Disparity in forward rate constant for a Troe falloff reaction

[Jenzen Ho]

Hi,

I am using Cantera 2.4.0 and am trying to write a kinetics solver. During verification, I noticed that reaction 18 (a Troe falloff reaction with third bodies) in particular in Aramco 1.3 C4 version (.cti file attached) was giving me a different forward rate constant than my code.

Using the code at the bottom of this post to extract the forward rate constant of reaction 18, I get different values for the calculated vs what Cantera was outputting.

kf_cantera =  92004.86402075388

kf_calc =  113473.33578324724

However, for other similar Troe falloff reactions it seems to give correct values (note that this script doesn't work for single third bodies or non-Troe falloffs). For example, changing it to rxn = 8 gives:

kf_cantera =  18219679.603242602

kf_calc =  18219679.60324262

I'm a little bit as a loss as to what the cause of the discrepancy is and there is every possibility that my script to calculate kf is erroneous. Any help would be appreciated, thank you. 

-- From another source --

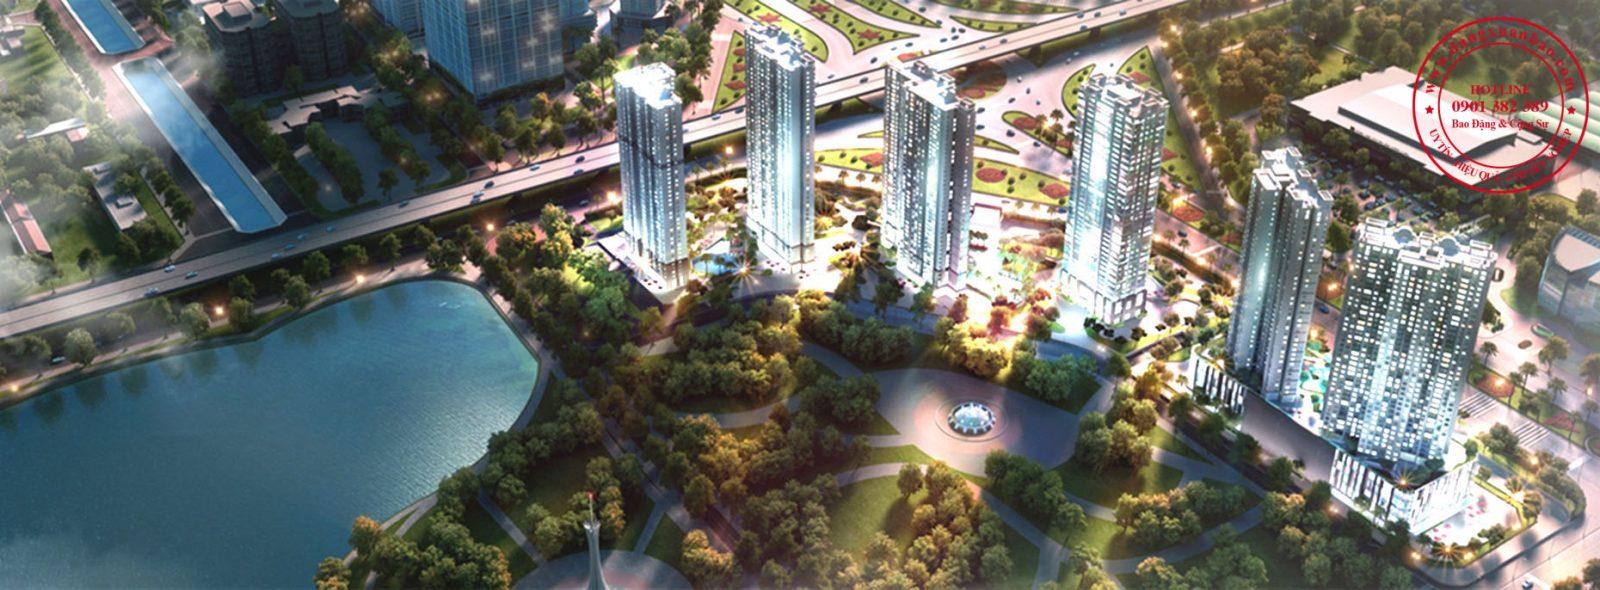 Phoi canh tong the Gem Riverside Quan 2

The code to reproduce the error:

import cantera as ct

import math

gas = ct.Solution('AramcoMech_1.3_C4.cti')

rxn = 18

T = 1500

gas.set_equivalence_ratio(1,{'CH4':1},{'O2':1,'N2':3.76})

gas.TP = T,ct.one_atm

# Get the forward rate constant from Cantera

kf_cantera = gas.forward_rate_constants[rxn]

# Calculate it ourselves - note this quick script doesn't work for Simple falloff 

# or falloff with only a single third body

k_0 = (gas.reaction(rxn).low_rate.pre_exponential_factor * 

       T**(gas.reaction(rxn).low_rate.temperature_exponent) *

       math.exp(-gas.reaction(rxn).low_rate.activation_energy/(8314*T)))

k_inf = (gas.reaction(rxn).high_rate.pre_exponential_factor * 

       T**(gas.reaction(rxn).high_rate.temperature_exponent) *

       math.exp(-gas.reaction(rxn).high_rate.activation_energy/(8314*T)))

param = gas.reaction(rxn).falloff.parameters

FC = (1-param[0])*math.exp(-T/param[1]) + param[0]*math.exp(-T/param[2]) + math.exp(-param[3]/T)

M = sum(gas.concentrations)

for species,value in gas.reaction(rxn).efficiencies.items():

    M = M + (float(value)-1)*gas.concentrations[gas.species_index(species)]

Pr = k_0*M/k_inf

C = -0.4 - 0.67*math.log10(FC)

N = 0.75 - 1.27*math.log10(FC)

f1 = (math.log10(Pr)+C)/(N-0.14*(math.log10(Pr)+C))

F = 10**(math.log10(FC)/(1+f1**2))

kf_calc = k_inf*(Pr/(1+Pr))*F

print(kf_cantera)

print(kf_calc)

[Ray Speth]

Hi,

The issue is with how reactions with 3 rather than 4 coefficients for the Troe form are handled. Cantera uses the same functions for both versions, and uses 0 as the default for the 4th coefficient. However, the use of 0 as the 4th coefficient is also handled specially, and used to indicate that the entire term is set to 0. So, in your code, you would want to write something more like:

FC = (1-param[0])*math.exp(-T/param[1]) + param[0]*math.exp(-T/param[2])

if param[3]:
    FC += math.exp(-param[3]/T)

Regards,
Ray

[Jenzen Ho]

Hi Ray,

Thank you for that, I had misunderstood what happens when the parameters are zero and will fix it.